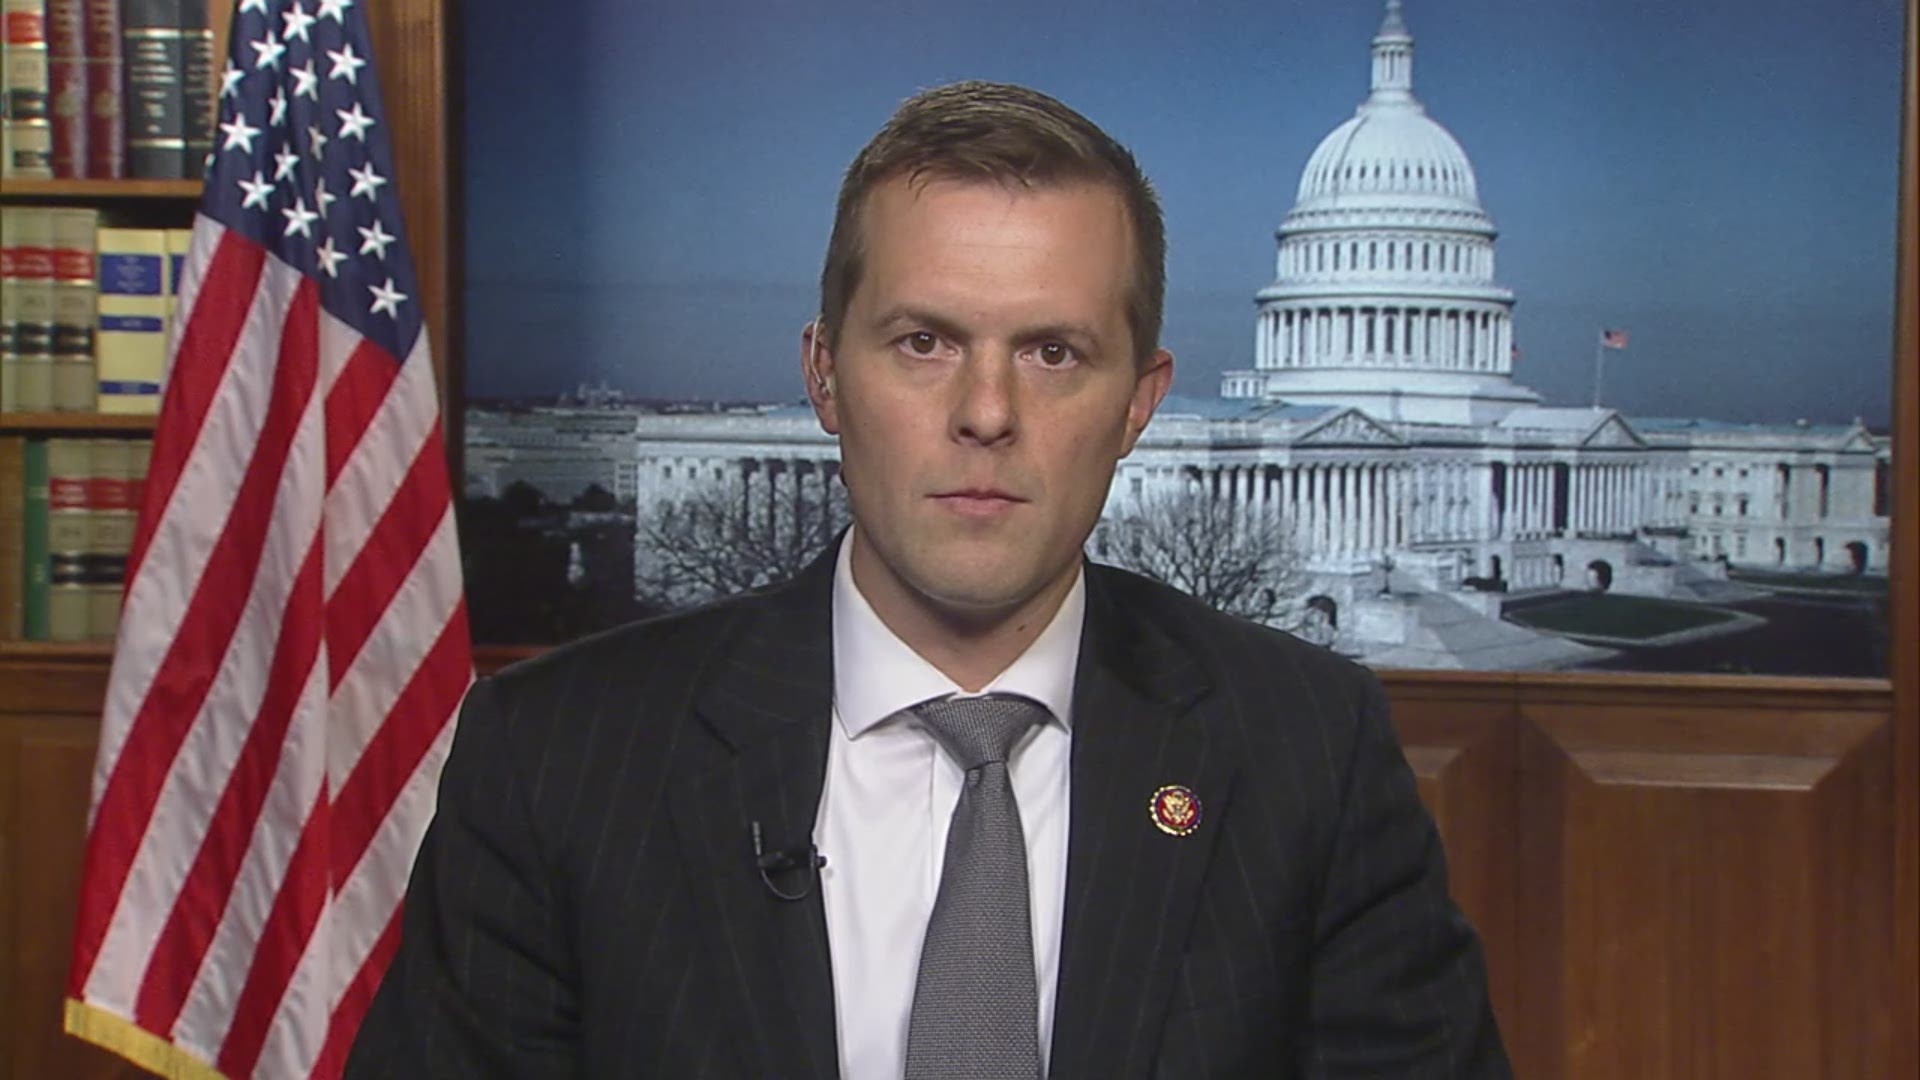 Rep. Jared Golden says he supports the U.S. House of Representatives resolution to formalize the impeachment inquiry into President Donald Trump.
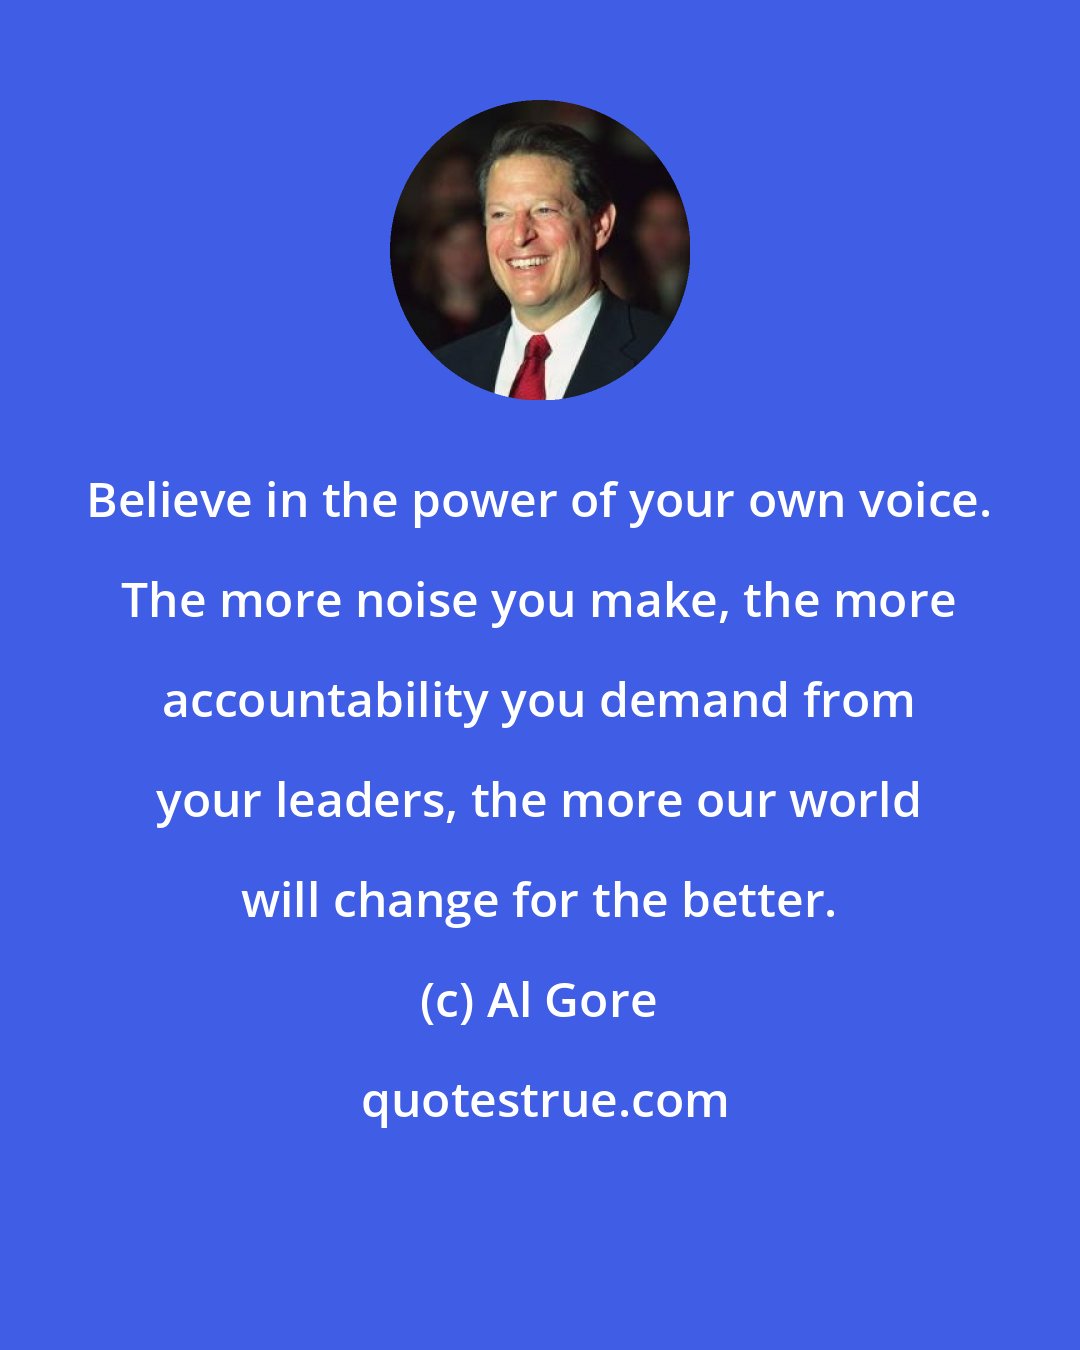 Al Gore: Believe in the power of your own voice. The more noise you make, the more accountability you demand from your leaders, the more our world will change for the better.
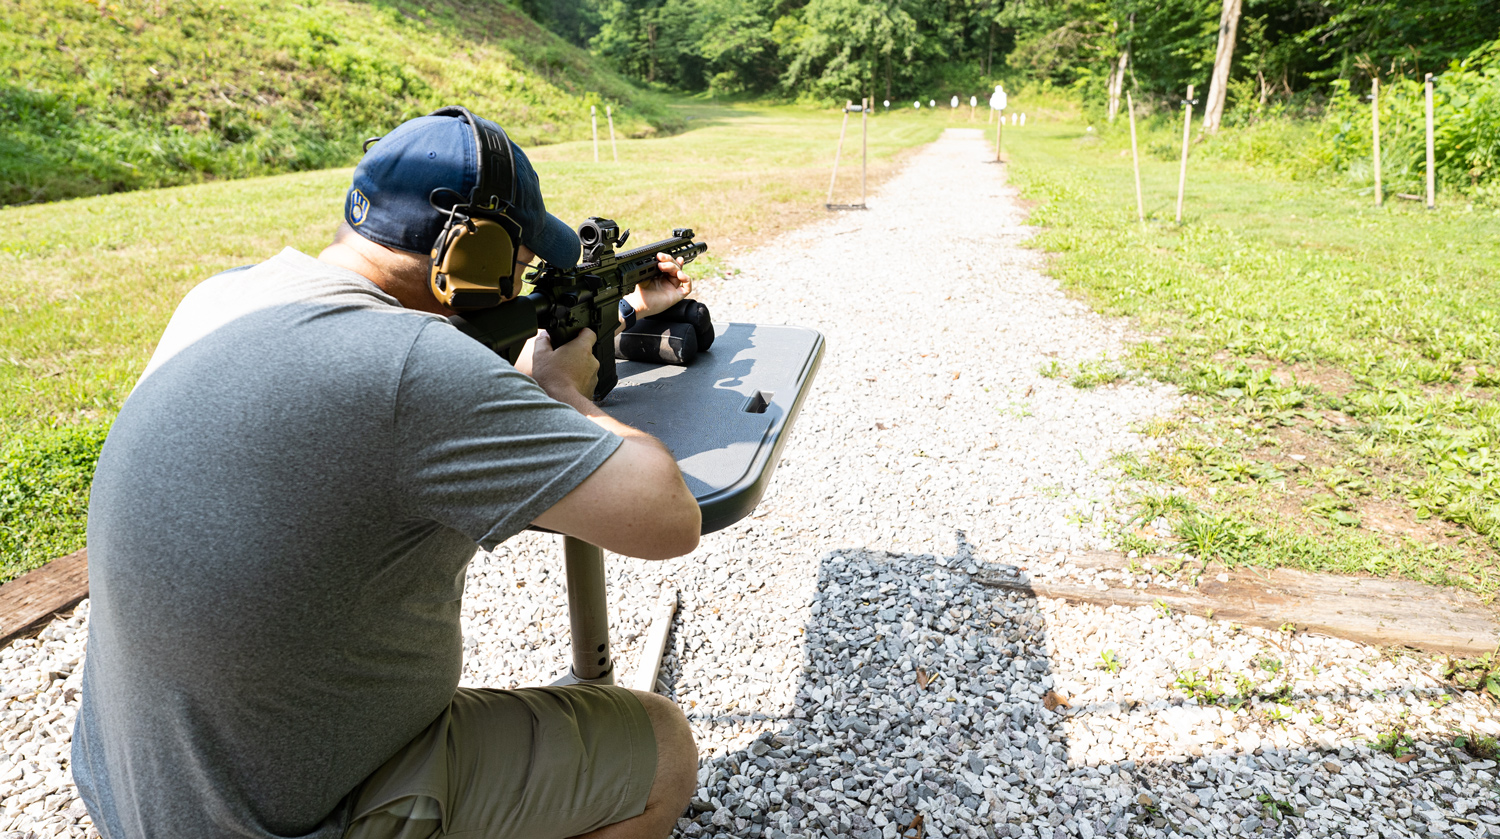 The author shooting spire point bullets at a shooting range

EXERCISE INSTRUCTIONS:
Provide the lines again, unchanged, from where the data above begins through the line containing "Al Gore: Believe", both ends included, omitting pictures and adding nothing.

ANSWER SPACE:
 Rep. Jared Golden says he supports the U.S. House of Representatives resolution to formalize the impeachment inquiry into President Donald Trump.
 Al Gore: Believe in the power of your own voice. The more noise you make, the more accountability you demand from your leaders, the more our world will change for the better.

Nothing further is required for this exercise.